I don’t know anyone who doesn’t have a lot to do! Most people I know really want to make a difference in the world and make it a better place for more people. Many of us struggle to pray more and be with God more deeply as the deepest way we respond to the challenges of our lives and the challenges of Kingdom action. It’s important to keep struggling to find that balance!
Despite the inherent tension between contemplation and action, particularly felt when one tries to integrate them on a daily basis, the proper balance must be sought, for contemplation and action need each other. Writing in Compassion, Henri Nouwen’s insights regarding prayer are to be applied to contemplation: “Prayer and action, therefore, can never be seen as contradictory or mutually exclusive. Prayer without action grows in a powerless pietism, and action without prayer degenerates into questionable manipulation. If prayer leads us into a deeper unity with the compassionate Christ, it will always give rise to concrete acts of service.”
Thomas Merton used a more graphic illustration of “the spring and the stream” to make the same point. Writes Thelma Hall, “Unless the waters of the spring are living and flow outward, he said, the spring only becomes a stagnant pool. And if the spring loses contact with the spring which is its source, it dries up. In this image of Merton’s, contemplation is the spring of living water, and action is the stream that flows out from it to others; it is the same water.”
Another helpful metaphor is that of two wings of the same bird. Obviously, both wings are needed for a bird to fly, to function as a bird. The two wings enable its body to fly, to live into its essence. It could be said that contemplation and action are both needed for a Christian to live into his or her essence, to be who they are, the Body of Christ. Jesus said in John 15: “Abide in me” and “Apart from me you can do nothing”. He does not say that there is anything wrong with action, but rather that it is through abiding in him (contemplation) that fruit (action) happens. Indeed, as William Johnston observes, “Mystical action is chiefly a matter of bearing fruit.”
Beyond simply talking about abiding in himself as the foundation of our work, certainly Jesus in his own life demonstrated the happy marriage of contemplation and action. Of course he is remembered for his many acts of mercy and compassion. But he is also remembered for his constant return to prayer, early in the mornings or off with God in the mountains. It is interesting to note that on several occasions, before Jesus did something of great import to his mission, he would retreat in solitude to pray. Before he began his ministry, he went to the desert (Lk. 4.1-14). Before he chose the apostles, he spent the night in prayer (Lk. 6.12-13). Before he would go to the cross, he went to the Garden (Lk. 22.39-46). In the Gospel of Luke, we see most clearly Jesus the activist, who is intent on healing and bringing good news to the poor (Lk. 4.18-19) And yet, among the Gospels, it is the Luke that most often records Jesus in solitude and Jesus in prayer.
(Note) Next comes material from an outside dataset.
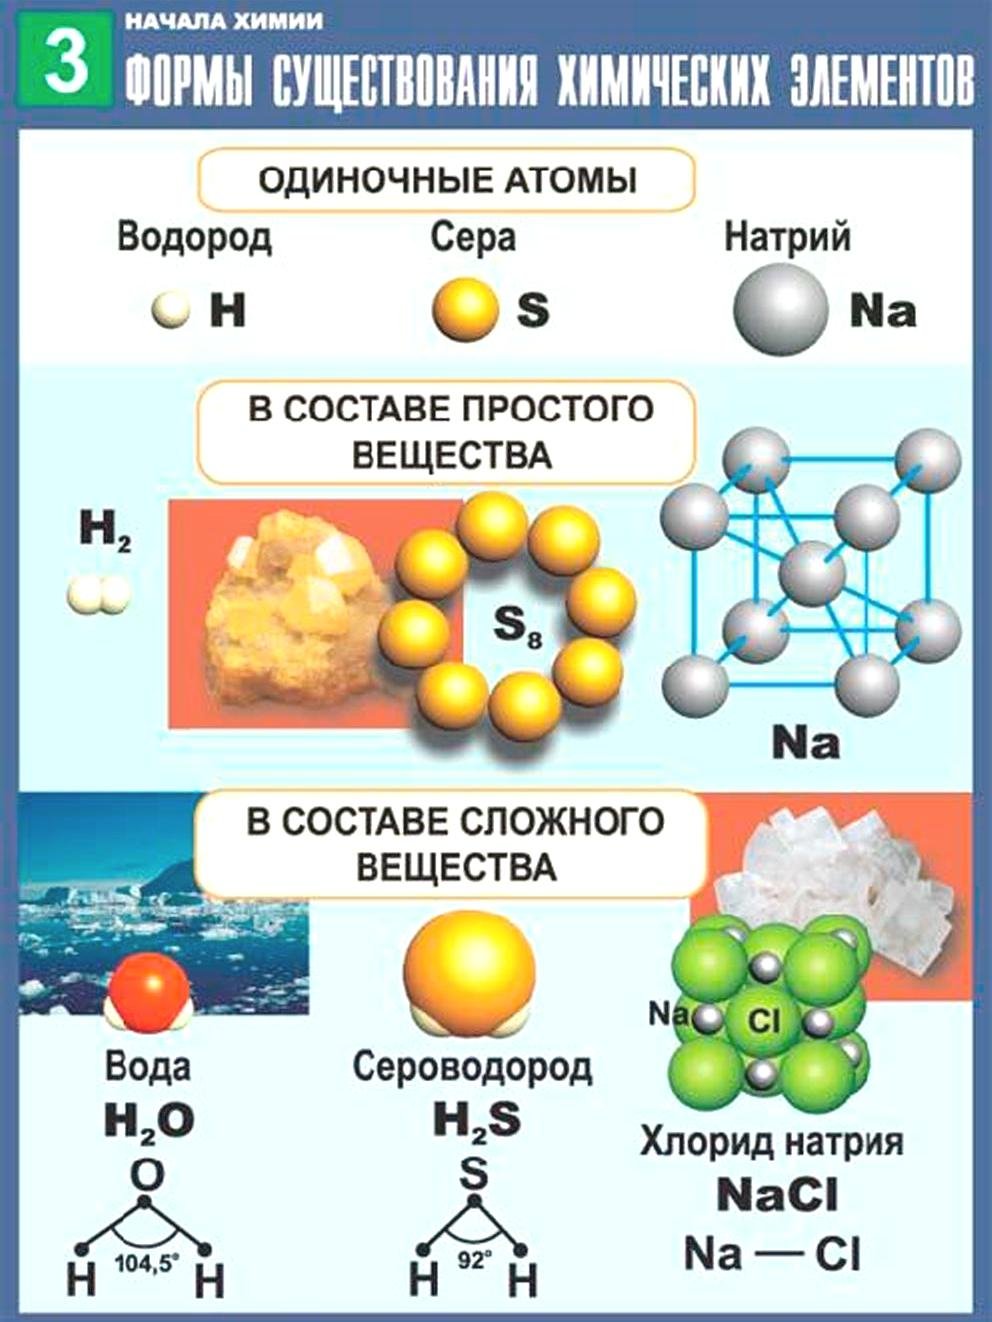 Сложные химические соединения состоят из. Простые сложные вещества хим элементов. Химические соединения простые и сложные вещества. Атомные молекулы химические элементы таблица. Формы существования хим элементов таблица.

Bede Griffiths sees in Jesus the right relationship of contemplation and action lived out: “Jesus is the man who is totally given to God, the one who is totally surrendered to the vertical movement. At the same time he was totally open to all people and to life as a whole. That is the dual movement, vertical and horizontal, of contemplation in action, action in contemplation.” Thus, Griffiths observes, “Social action should flow from our contemplation…There is no rivalry between contemplation and action.”
If we are to become Christ-like, we will be those who balance well contemplation and action. If we are to be more fully the Body of Christ in the world, we will be those who manifest both inclinations.
So, Contemplation and Action—Two Wings for the Body. The two wings of contemplation and action, held together within one body, enables us to be the Body. Held together, contemplation and action enables us to live fully into who we are made to be, for God’s sake, and the sake of the world.